The Dance was a hard one in many ways and still I felt cradled in exactly the best way possible.  Incredible lightning and thunder, a downpour.  Intense heat.  Dust.  Confrontations with myself.  Uninterrupted connectivity to the Tree.  A full moon.  The drum.  Songs.  Opportunities to listen.  Hearing the sound of my flesh being cut from my body, incredibly loud in my ears, like stormy ocean waves crashing to the beach.   The fullness of my prayers.  Babies.  Catching my ego flare.  Ravens on the wing, their voices evoking joy in my body and calling my attention to them over and over.  Raven, who’s medicine supports my going into the darkness of my mind to bring out the light of understanding as loving kindness to illuminate my heart.

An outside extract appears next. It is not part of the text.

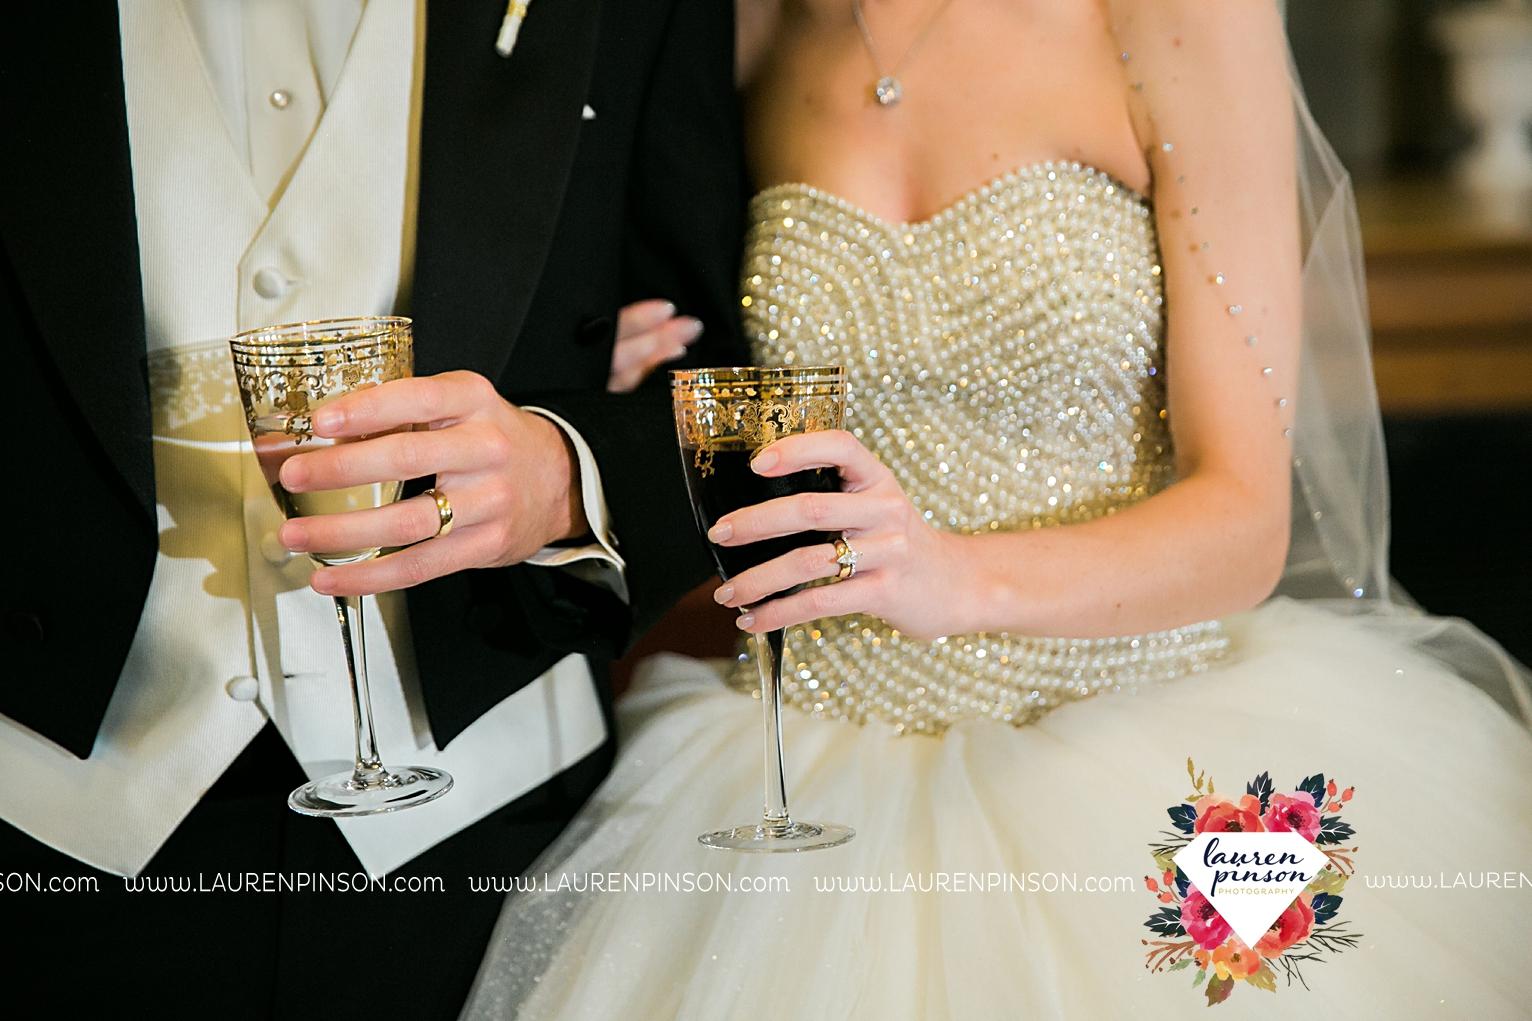 wichita-falls-texas-wedding-photographer-the-forum-by-the-kemp-mayfield-events-ulta-gold-glitter_2878.jpg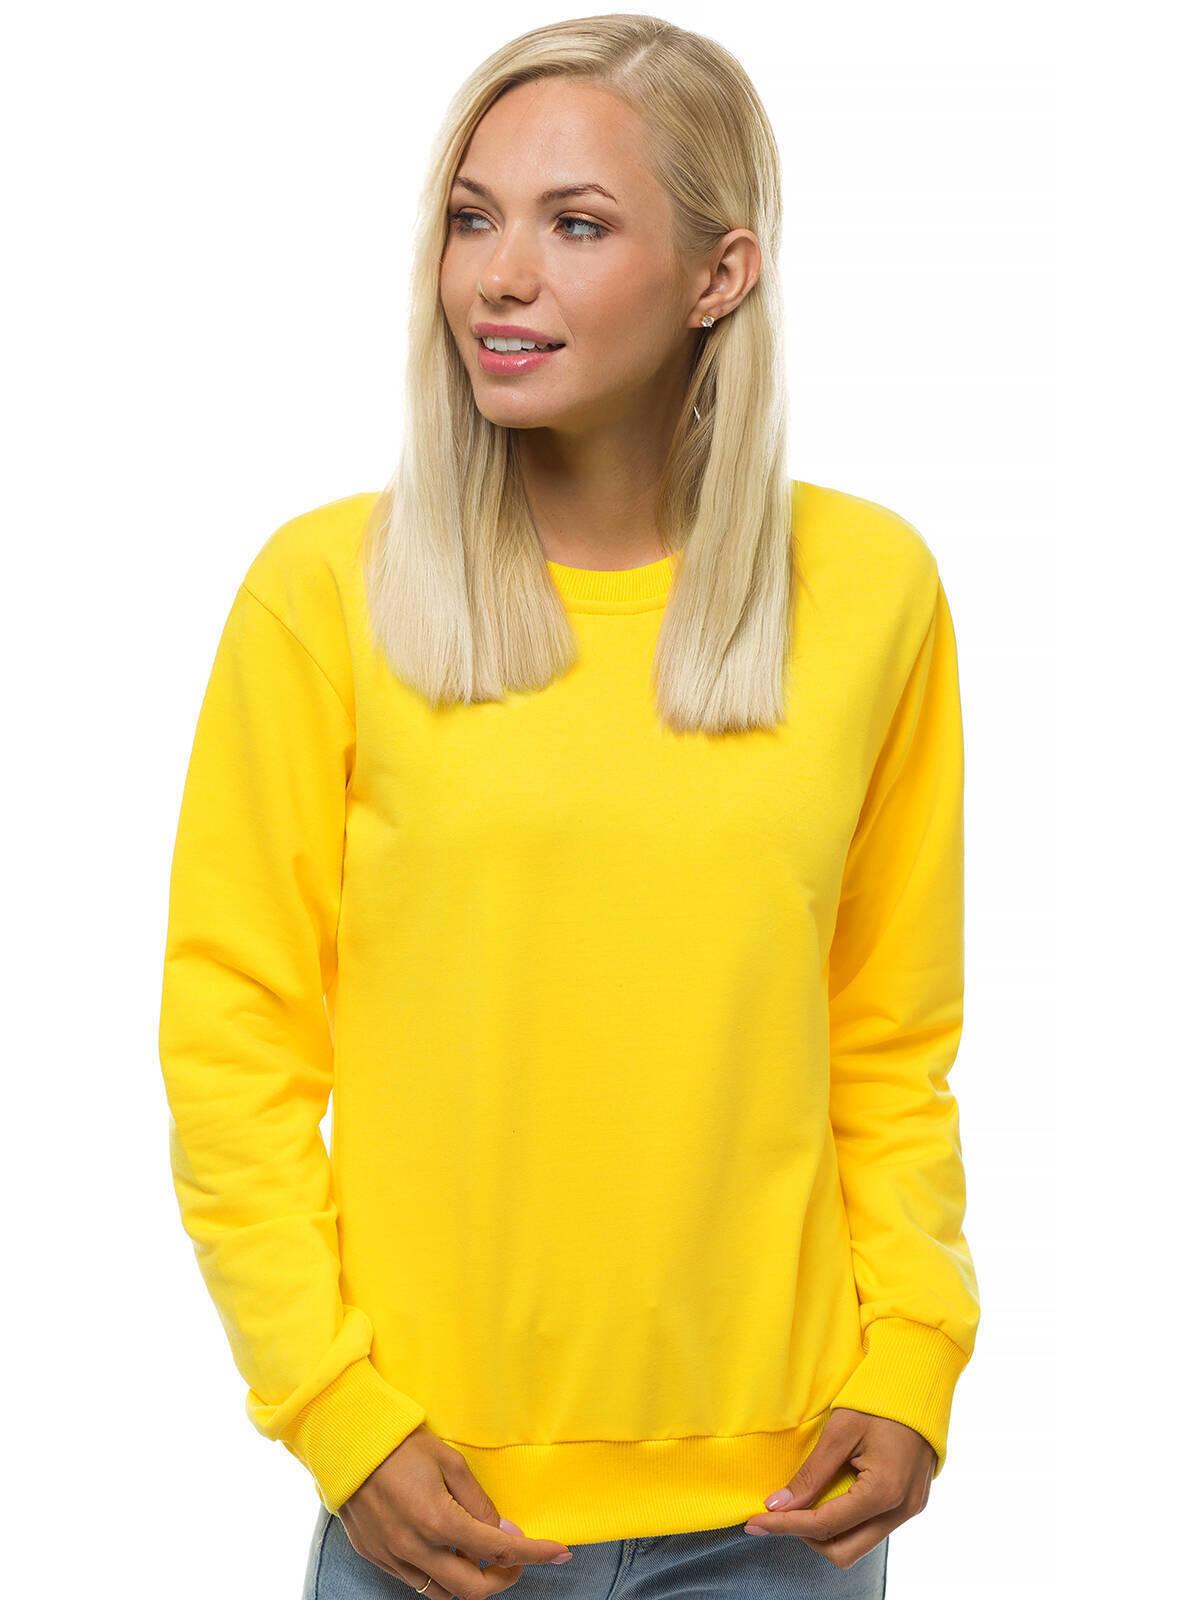 Sweatshirt Langarmshirt Pullover Pulli Rundhals Unifarben Sport OZONEE 002 Damen

I came away from the Dance with more questions than answers.  My landing, or re-entry as some folks call it, was immediate and intense.  Day one, I laid low, oddly baking a peach pie in 90+ degree heat.  I avoided the festivities of the Fourth of July.  I found it a BS celebration.   Freedom and independence really a bore that pissed me off.  Freedom and independence my ass!  Not for the Indigenous Peoples, nor the African Peoples, or even the exploited Chinese.  How can I possible celebrate when this truth lay beneath the colorful noise of fireworks?  Sometime during this day was the first time I got a message about how the prayers in this years ties would be answered.  Then again the next day, the same message and a tool for guidance.  Medicine that has waited for the right time to come forward, augment my work.  I admit, I’m afraid.  I turn in, I laugh in the face of my fear – for on the other side of darkness is light, liberation, a happy heart.   Isn’t this what I prayed for?  Yes, and still, I wasn’t ready for shadow work.  It’s time though.  No more dipping my toes into the dark waters.  Time to dive in.  Having medicine for my personal work, having medicine be my work in the world, I shall receive.  My willing heart will lead me into the scary crevasses of my mind.  The medicine and self-love will illuminate the darkness.  Everything I want is on the other side of fear.

These ways are “not old ways, they are alive and we are living them today”, said an Elder Just like the dust in my moccasin, the Tree and the Dance are alive in me.  Answering my prayers.